[DATA EXTRACT Boundary: Start]
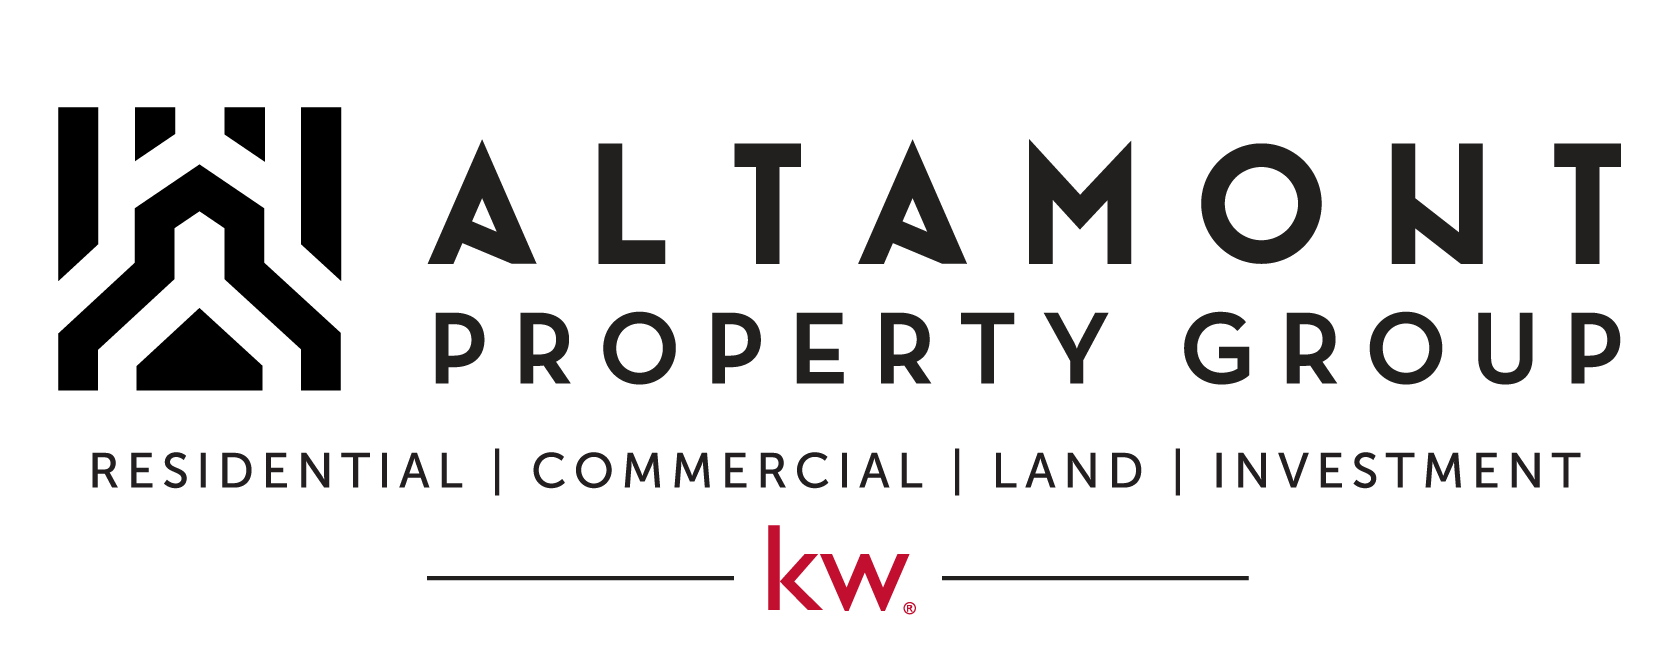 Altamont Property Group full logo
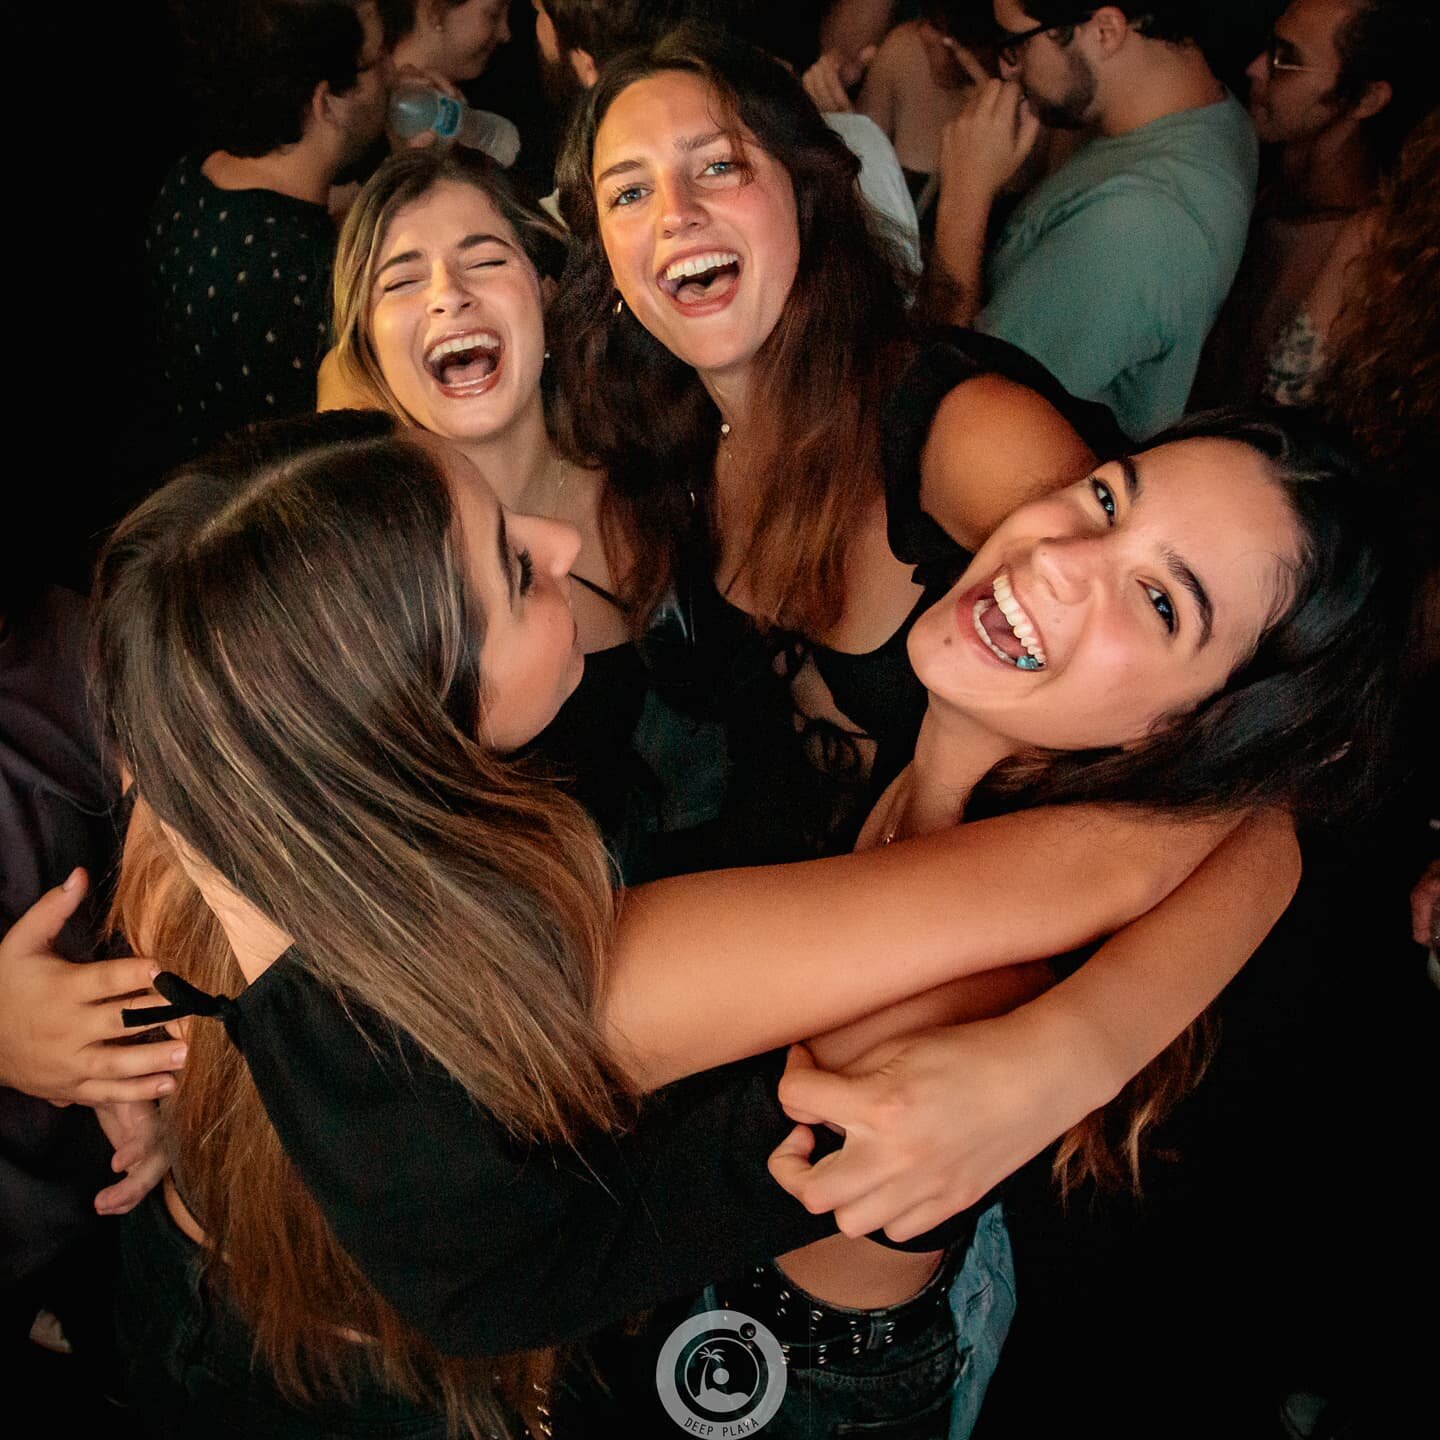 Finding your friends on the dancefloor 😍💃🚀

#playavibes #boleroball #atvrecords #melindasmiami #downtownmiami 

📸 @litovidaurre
[DATA EXTRACT Boundary: End]
Without the pictures, write out all of the material exactly.

SOLUTION TO THE PROBLEM:
 Altamont Property Group full logo
 Finding your friends on the dancefloor 😍💃🚀

#playavibes #boleroball #atvrecords #melindasmiami #downtownmiami 

📸 @litovidaurre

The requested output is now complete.